The United States of Arugula (40 page)

The well-to-do son of a General Electric executive, McCarty fell in
love with French food and culture while spending his junior year of high school living with a family in Brittany. “They were a large Catholic family with a beach house and a little château that was nine hundred years old, but they had no money,” he says. “The count, the head of the family, had polio and was in really bad shape, and he made his money repairing TVs and radios. It was really madcap. But the way they kept their château was that they had six farmers who were sharecroppers. And when it came to events, which they had all the time, they knew how to party. It was a continuation of my parents’ life, the joy of people getting together, having a great time. So I thought that I wanted to run an operation that could provide that.”

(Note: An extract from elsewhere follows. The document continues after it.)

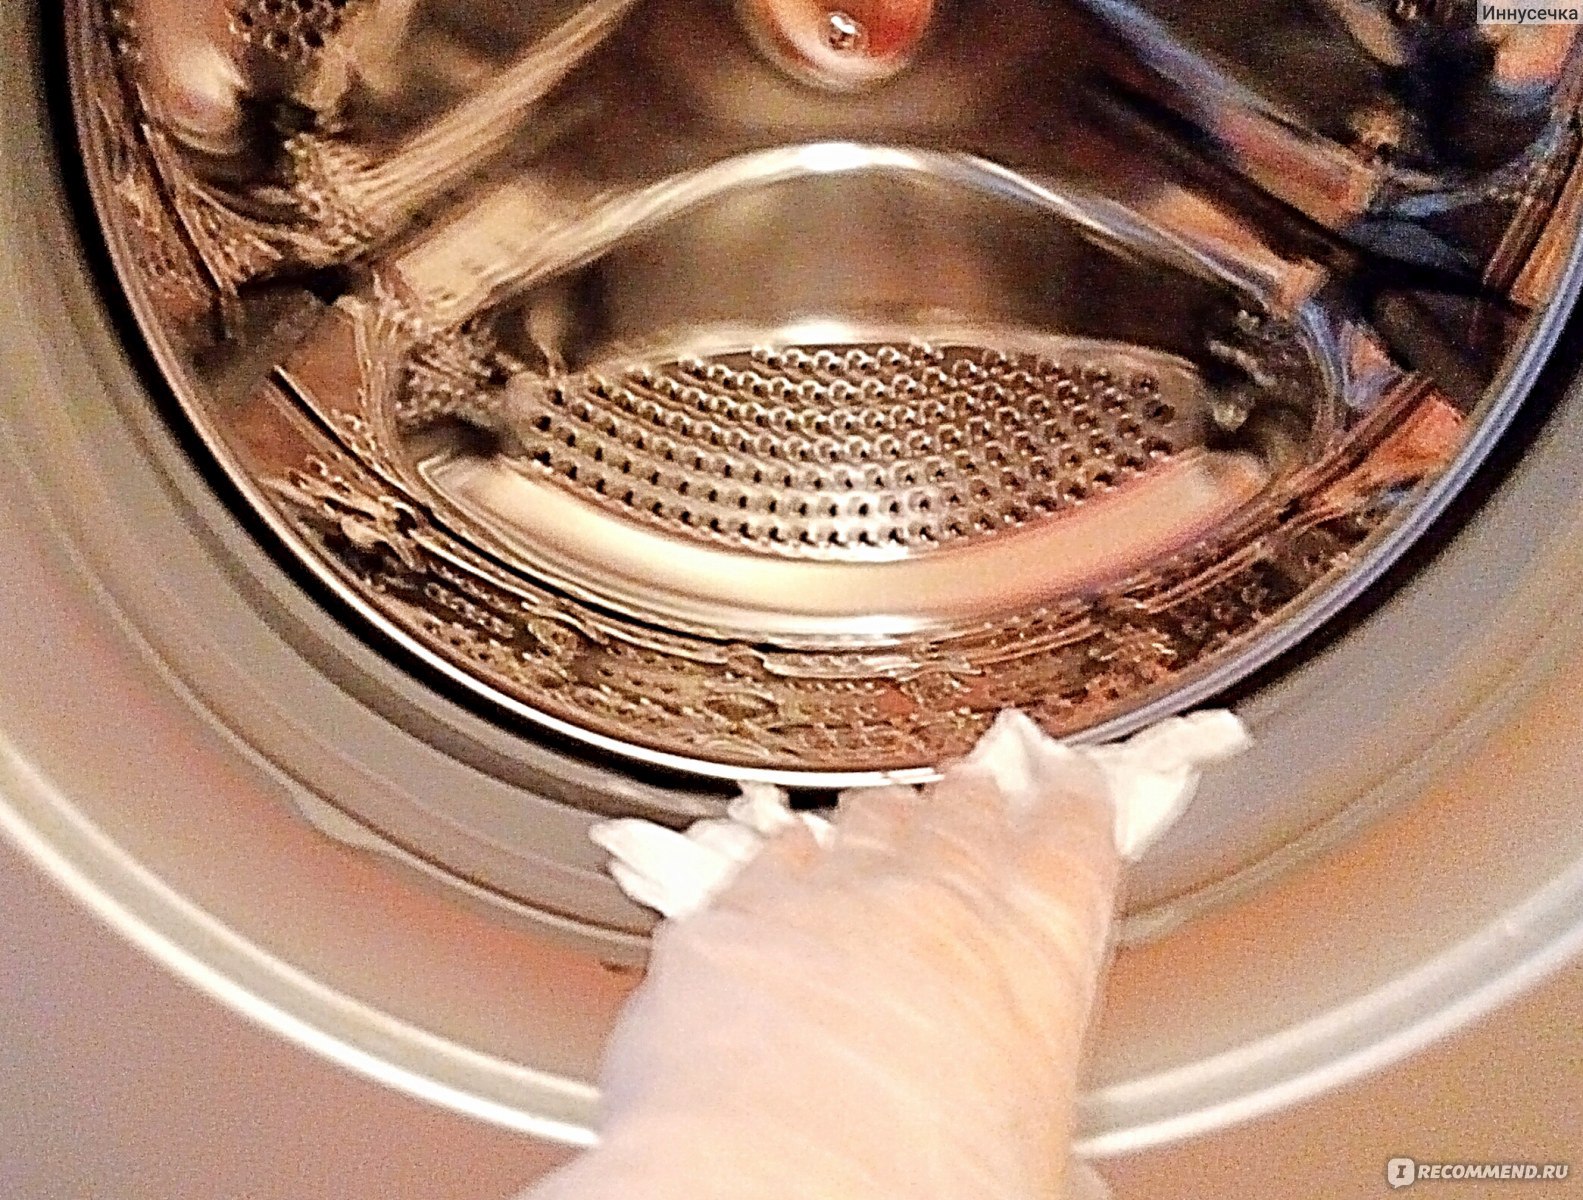 Как очистить стиральную машинку от запаха. Барабан машинки. Чистка стиральной машины. Запах из стиральной машины средства. Пахнет из барабана стиральной машины.

Audaciously for a boarding-school product (he attended the Hill School in Pottstown, Pennsylvania), McCarty dropped out of college after just nine months and made his way back to France, devising his own curriculum for becoming a restaurant owner, which took the form of a whistlestop tour of Paris’s hospitality schools. In short order, he attended L’École Hôtelière de Paris, L’Académie du Vin, and the Cordon Bleu. “I lived in Paris during the first half of the seventies, which was a very timely thing, because that was right in the middle of the nouvelle cuisine revolution,” he says. “Right in front of your eyes, you could see the French changing their years of reliance on Escoffier. I knew both Troisgros brothers, Bocuse, Michel Guérard, and then the guys who were just a little older than I was, like Guy Savoy and Michel Rostaing.”

Upon his return, McCarty took a summer course at Cornell University’s hotel school—“which, if you were a graduate of a hotel school in Europe, was like a little Americanization refresher course,” he says. He spent a few years in Colorado before he followed his parents out to their new home in Malibu, where he lived while devising his plan for the ultimate French-informed American restaurant. It was during this period that he attached himself to Jean Bertranou, learning the L’Ermitage chef’s tricks and going into the duck-breeding business with him. McCarty also busied himself with trips back to Europe, where he performed such essential “research” as repeatedly visiting the eponymous restaurant of Frédy Girardet, a Swiss chef
and adjunct member of the nouvelle crew who had taken over his father’s modest bistro in a suburb of Lausanne and turned it into what many connoisseurs considered the best restaurant in the world.
*
“I’d go to Girardet for a whole week,” McCarty says. “I wouldn’t work in the kitchen, I’d eat. Lunch, dinner; lunch, dinner; lunch, dinner; lunch, dinner. And through that process, I learned the restaurant business.”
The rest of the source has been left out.